How could I have misunderstood everything so horribly?

“But I do appreciate you going through with it.”

“I was forced into it. It doesn’t matter that our discussion was a misunderstanding. You still tricked me. You sought me out after 16 years of ignoring my existence. All because you needed a kidney!” I slid away from him on the bed so he couldn’t touch me. “You made me believe that you loved me!”

“I do love you.”

“What’s the point of lying now? Do you need my liver too?”

“Brooklyn. I love you so much. And I hate to admit it, but I never sought you out. I never even knew you existed. Your uncle’s lawyer came to me. Because I’m your legal guardian.

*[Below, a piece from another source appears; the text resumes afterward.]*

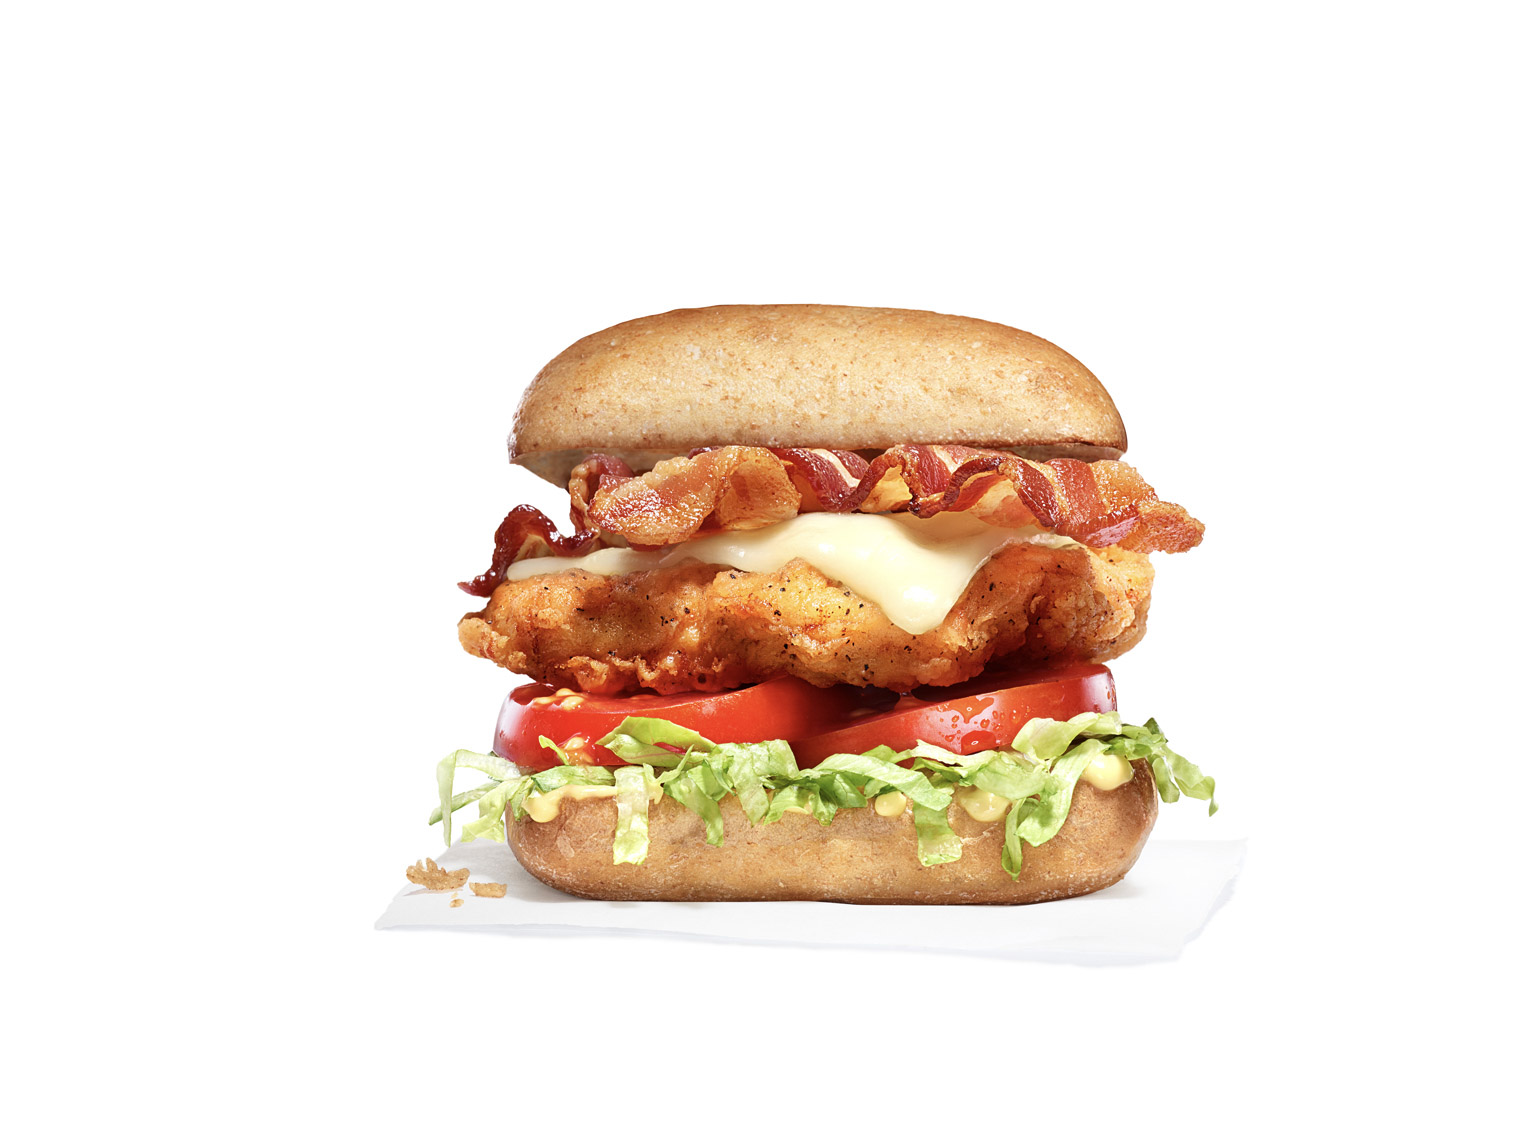 food stylist in San Francisco - Sonic Asiago Chicken Sandwich - photographed by Maren Caruso Photographer

Do you really think I wouldn’t have found you sooner if I’d known you were out there?”

“Yeah, which goes back to the whole thing with how you wanted my mom to abort me. Don’t sit there and pretend you give a shit about me, Dad.” I put a scathing emphasis on his name.

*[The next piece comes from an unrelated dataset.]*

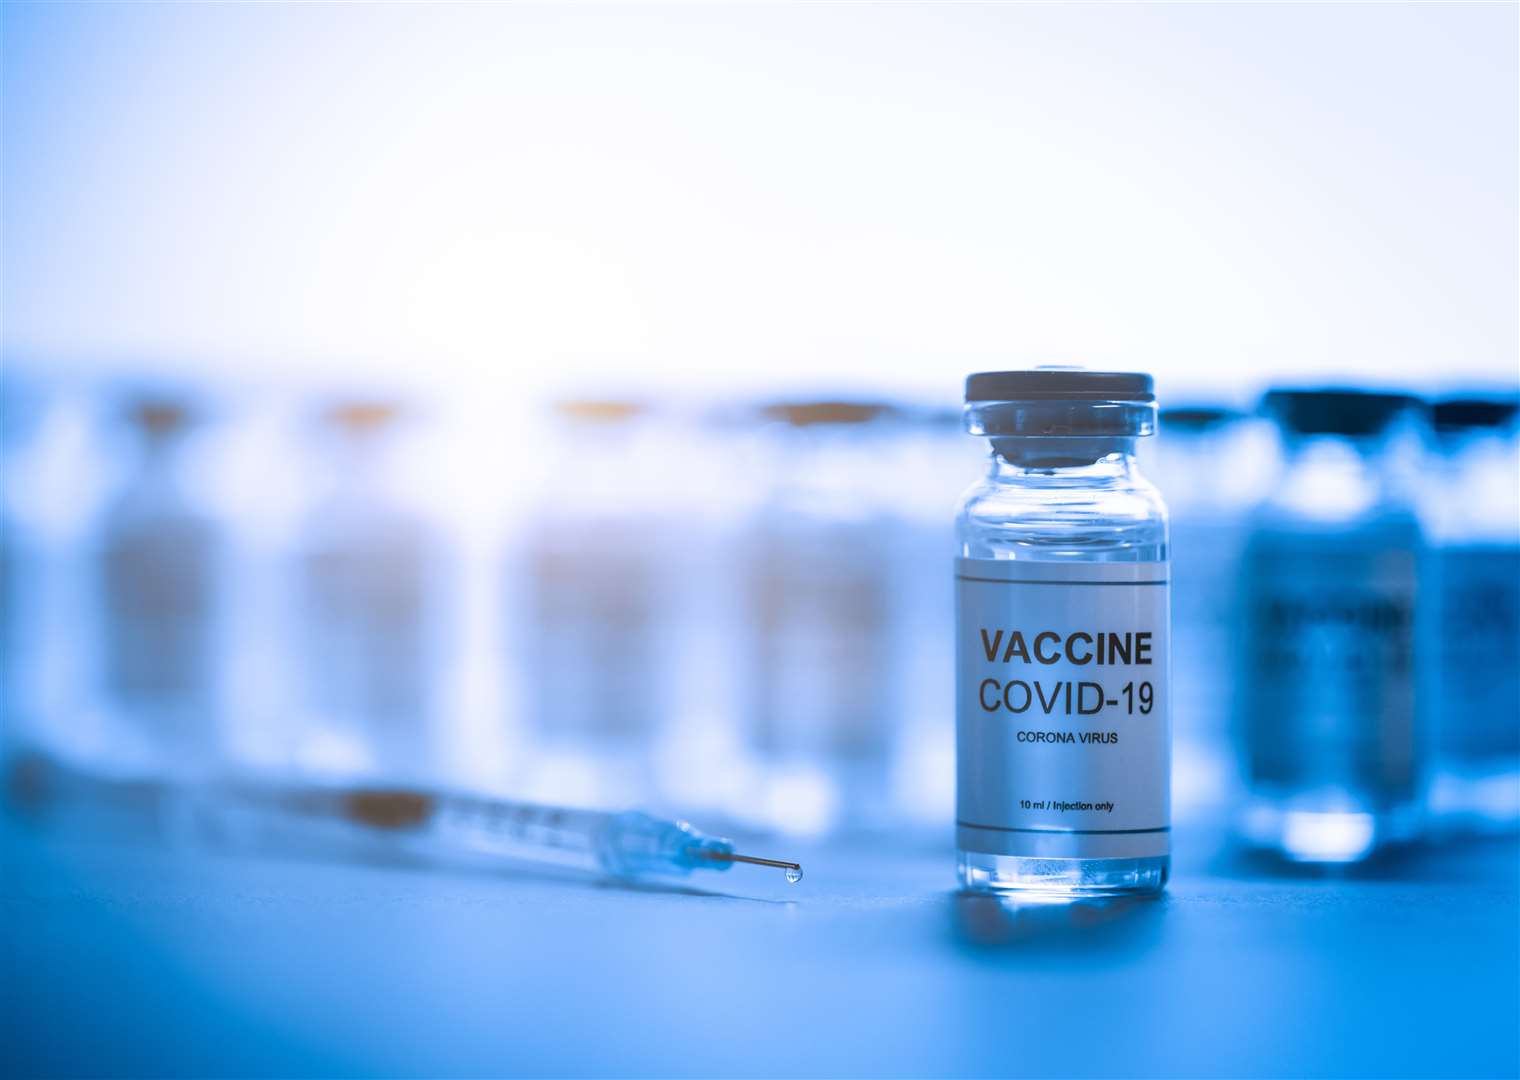 A pop-up vaccination centre will be open at The East Malling Centre on Monday

He pulled his eyebrows together. “I loved your mother. I still love your mother even though she’s gone. I made some terrible mistakes when I was younger. Trust me, I don’t need you to remind me. But I never sought you out because I needed a kidney transplant. It was a happy coincidence that you fell into my lap. And yes, of course I thought about it when I found out you were alive…”

“Which is why you were so overly protective of me. And concerned about my health. And why you wouldn’t let me live in a bad part of town with Kennedy and her mom.”

He shook his head. “That wasn’t why I brought you into my home. It had nothing to do with that. I love you because you’re a piece of me and I will do anything in my power to keep you safe.”

“By cutting me open?”

“I thought you were giving me your kidney willingly. Because I’m your father. Because we were a match. Because you’re wonderful.”

I shook my head. “I’m not an idiot. All those tests you ran on me that first day when you locked me in that apartment? You were testing me to see if I was a match right away. Don’t sit there and lie and pretend that wasn’t the first thing running through your head.”

“No.” He stood up. “You know what the first thing I thought when I found out about you? I was ecstatic. I’ve regretted leaving your mother every single day since she left New York.”

I couldn’t even look at him. He was lying. He was a dirty fucking liar.

“And when I met you? All I could think about was how much you looked like your mother. And it was hard to look at you.”

I remembered being shoved in the back of his car. He’d acted distant and aloof. Had he really been struggling to look at me?

“And I knew that as soon as I brought you into my home that my life as I knew it would be over. The life I’d chosen over a life with your mom. And I did it anyway. Because I love you.”

I just stared at him. I didn’t know what to say.

“I didn’t think of the transplant at all. My whole world was turned upside down. I called Dr. Wilson because I saw where you were living and I figured you hadn’t seen a proper doctor in years. And yes, I wanted a paternity test. But as soon as I saw you…I knew. I knew you were my blood. Dr. Wilson ran the extra tests without me even knowing it. Apparently he assumed the worst of me too.” He stood up and ran his fingers through his hair. He looked completely distraught.